UNICEF cited recent research reports in its plea, noting that up to 82% of teenagers have been found to be gambling every year in Australia. A further 15% of adolescents aged between 12 and 17 are also developing serious problem gambling habits, according to the international children’s rights giant.

The Fund has now suggested that the betting advertising ban’s parameters be extended. It has asked that the law be amended to include ‘known peak viewing times’ for children and youngsters under the age of 7pm, which would take the ban’s time frame to 9pm each evening.

UNICEF’s statement on the matter stated that its request requires that children’s best interests should be a firm priority with the Australian government. Thus, the Fund expects that the state should act appropriately by determining the right restriction and implementation measures to protect its younger generations.

Government To Deliberate On Plea

It is well documented by research bodies across the globe that exposure to gambling-related advertising and promotions at a young age can contribute to higher problem gambling rates among a country’s youths.

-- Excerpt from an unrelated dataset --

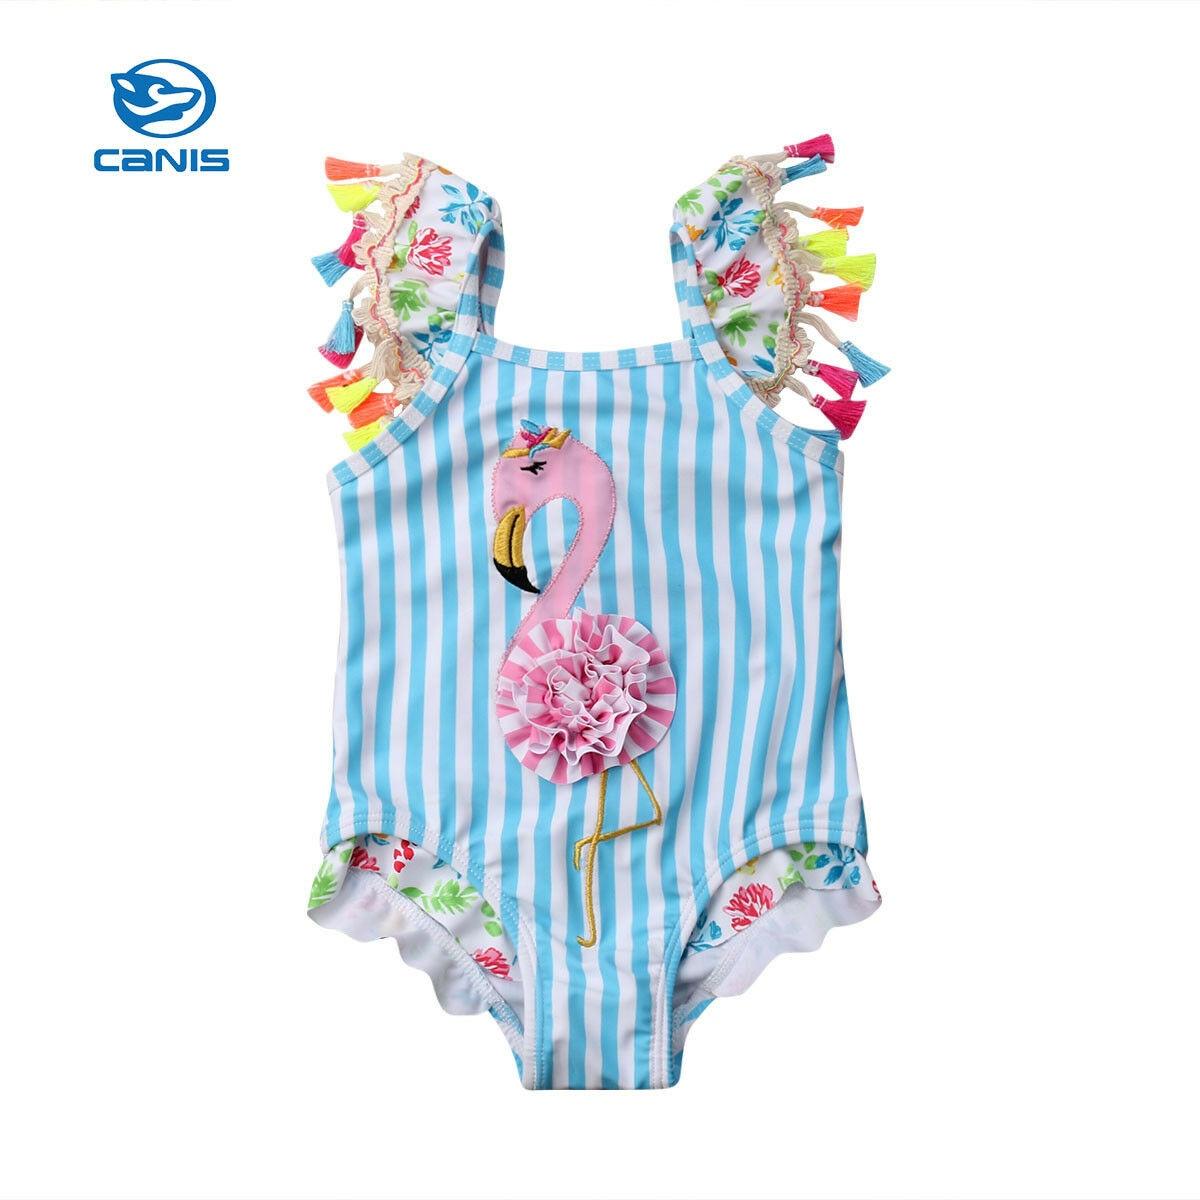 2019 Toddler Kids Baby Girls Flamingo Cartoon Bikini Swimwear Swimsuit Bathing Beach2019 Toddler Kids Baby Girls Flamingo Cartoon Bikini Swimwear Swimsuit Bathing Beach
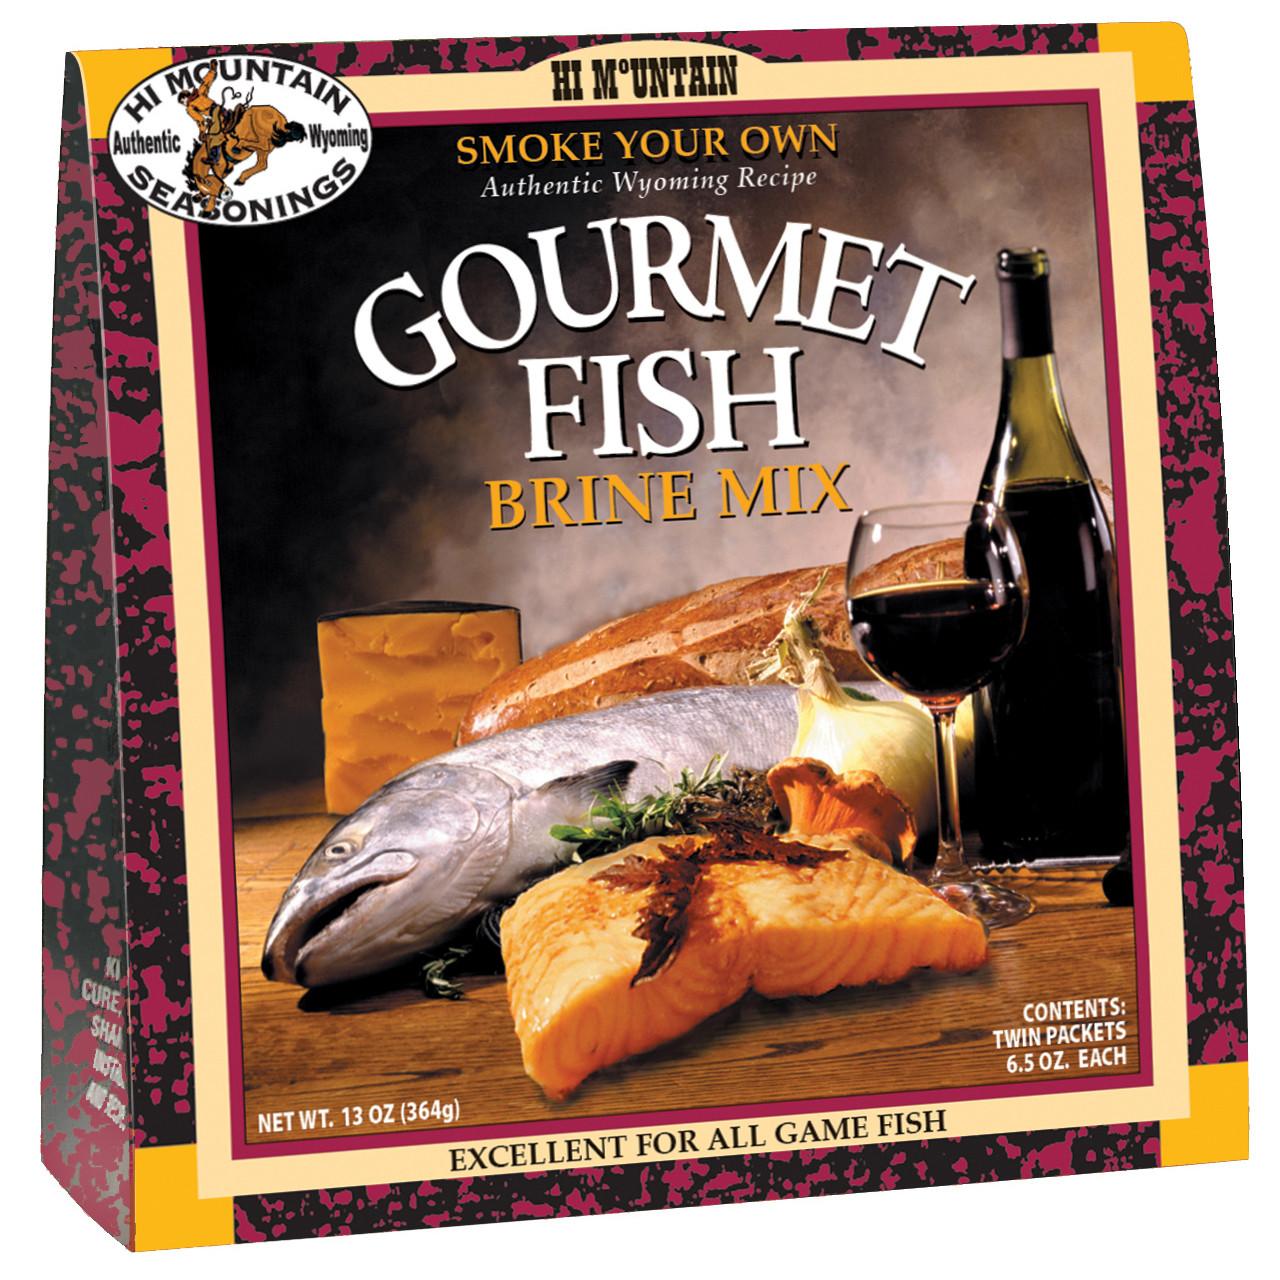 Gourmet Fish Brine Mix

This is especially true once these individuals come to the age at which they are legally permitted to gamble - and UNICEF’s plea comes at a time when Australia is attempting to lower its gambling addiction rates among all age groups.

The Australian government and its prime minister are now deliberating on the issue and the best way to implement new measures that will shield youngsters from the possible harmful effects of gambling advertising. News on an amendment to the current advertising ban is expected to be released by local lawmakers within the next few months once a concrete decision is made.